6. A circuit breaker comprising:a moveable support within a housing positionable in an open position and a closed position, said movable support comprises a pivotably supported rotor that rotates on a first axis with respect to said housing, said rotor rotates in a first direction about said first axis when moving from said open position to said closed position; a contact arm connected to said movable support at a fixed pivot point so that said contact arm is rotatably supported by and is connected to said movable support, said contact arm and said movable support pivot with respect to each other about a second axis, said first axis and said second axis not being coincident; a first contact on said contact arm; a second contact supported in said housing, wherein when said movable support is in said open position, said first and second contacts are not in contact with each other, and when said movable arm is in said closed position, said first and second contacts are in contact with each other; and an operating mechanism connected to said movable support causing said movable support to move between said open and closed positions, wherein as said movable support moves to said closed position, it first causes said second and first contacts to touch, then causes said first contact and said second contact to slide against each other.

7. The circuit breaker set forth in claim 6 wherein as said movable support rotates to said closed position, said contact arm does not pivot on said second axis with respect to said movable support until said first and second contacts meet, at which point said movable support continues to rotate to its final closed position and said contact arm rotates on said second axis, the lack of coincidence of said first axis and said second axis causing said first and second contacts to slide against each other.

8. The circuit breaker set forth in claim 6 wherein said first axis and said second axis are substantially parallel to each other.

9. The circuit breaker set forth in claim 6 further comprising third and fourth contacts; said third contact disposed on an opposite end of said contact arm from said first contact, and said fourth contact supported in said housing wherein said third and fourth contacts are not in contact with each other when said movable support is in said open position and said third and fourth contacts are in contact with each other when said movable support is in said closed position.
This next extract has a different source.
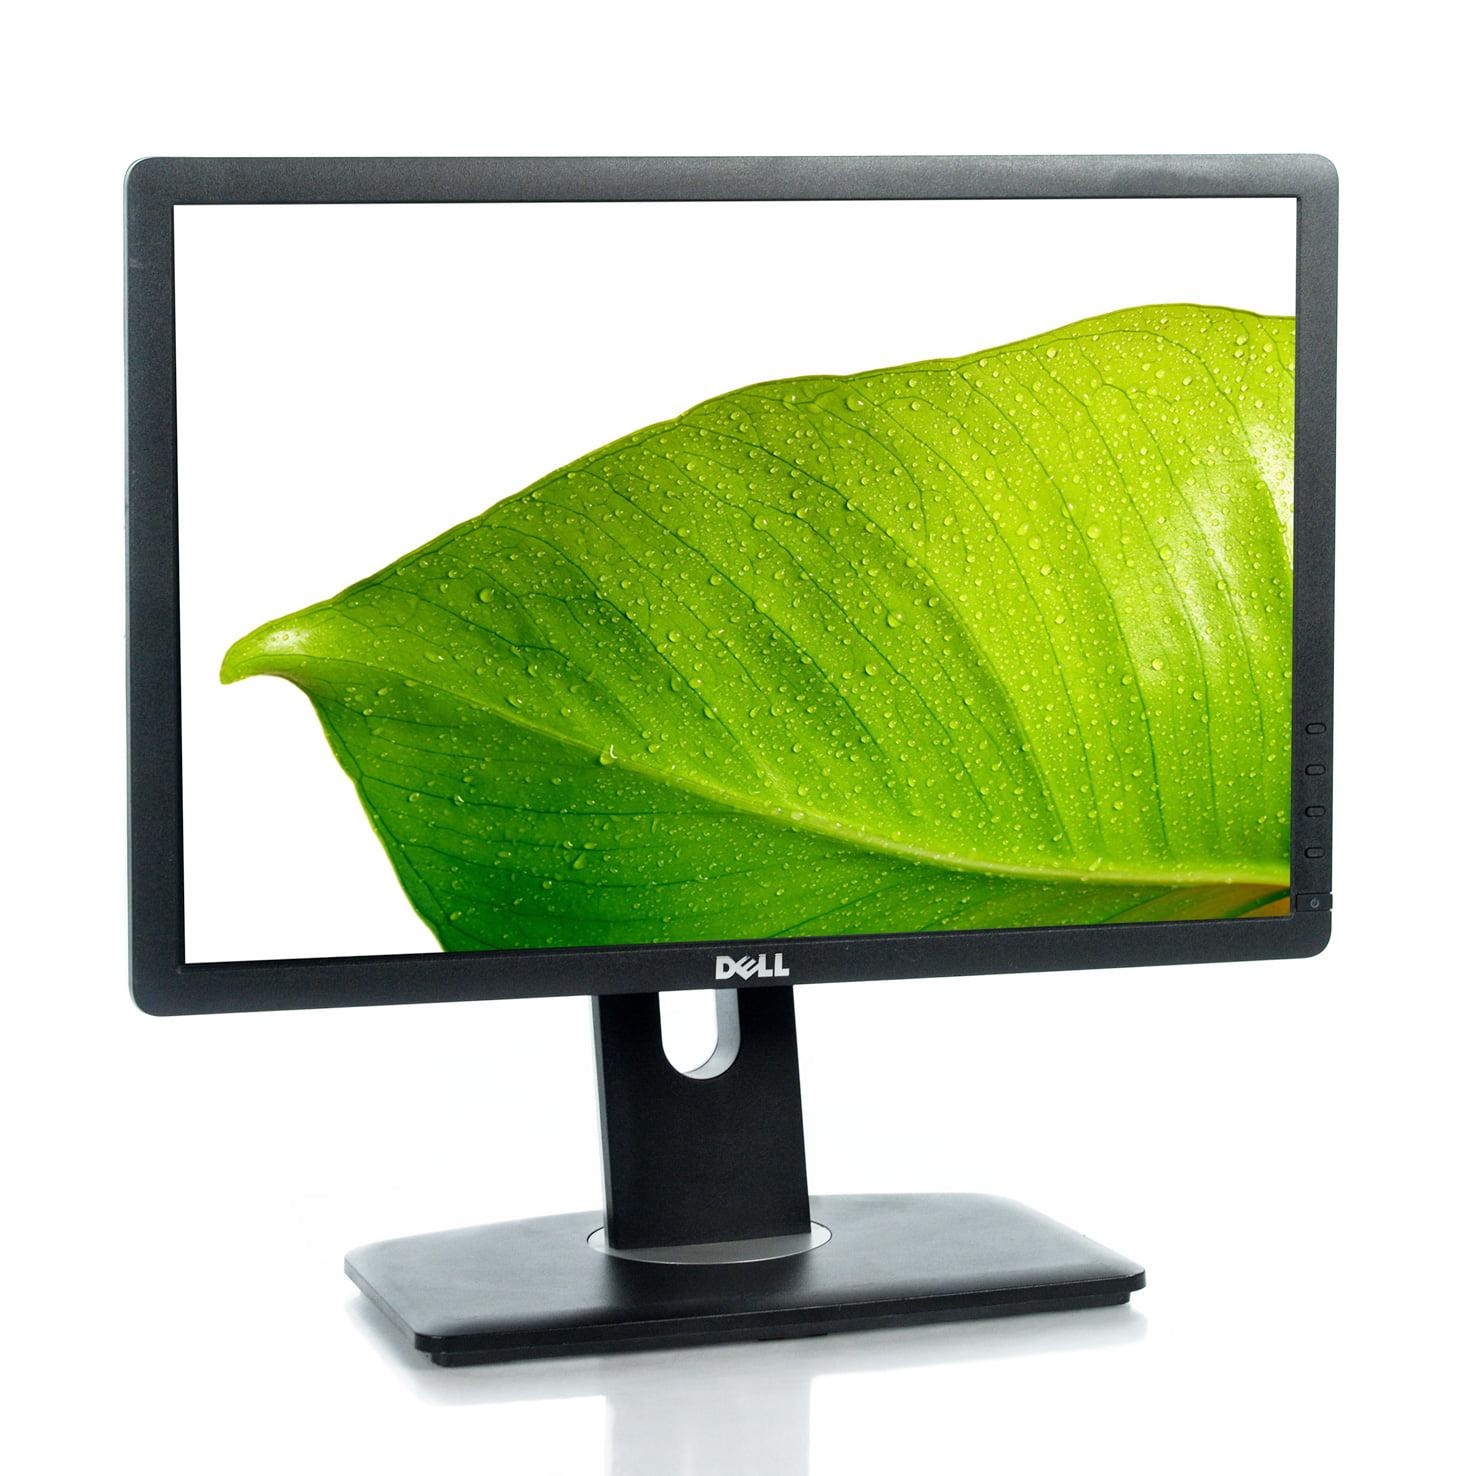 """Refurbished Dell Professional P1913 19"""" 1440x900 16:10 LED LCD Monitor DP DVI VGA Grade A"""
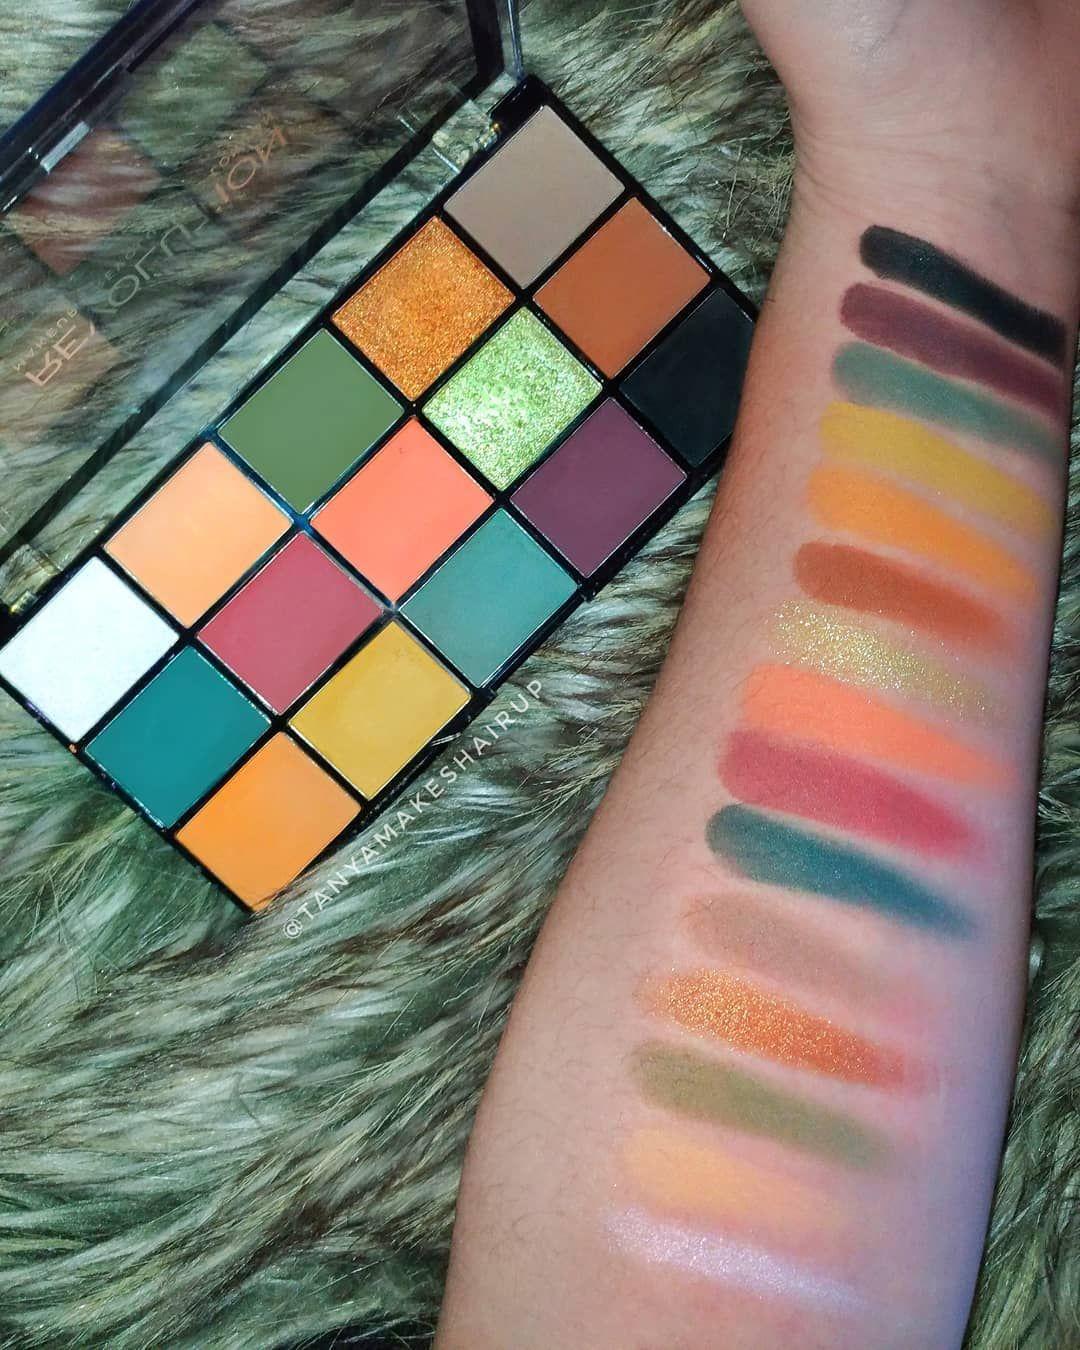 Image result for makeup revolution reloaded palette (With

10. A circuit breaker comprising:a movable support within a housing positionable in an open position and a closed position; a contact arm connected to said movable support at a fixed pivot point so that said contact arm is rotatably supported by and is connected to said movable support; a first contact on said contact arm; a second contact supported in said housing, wherein when said movable support is in said open position, said first and second contacts are not in contact with each other, and when said movable support is in said closed position, said first and second contacts are in contact with each other; a first spring arranged to bias said second contact, said second contact being constrained to move along a first path that is not parallel or coincident with a path of movement of said first contact; an operating mechanism connected to said movable support causing said movable support to move between said open and closed positions, wherein as said movable support moves to said closed position, said first contact first contacts said second contact, then pushes said second contact against a force of said spring causing said first contact and said second contact to slide against each other until said movable support finally reaches said closed position; and a third contact and a fourth contact, said third contact disposed on an opposite end of said contact arm from said first contact and said fourth contact connected to said housing by a second spring and constrained to move along a second path that is not parallel or coincident with a path of movement of said third contact.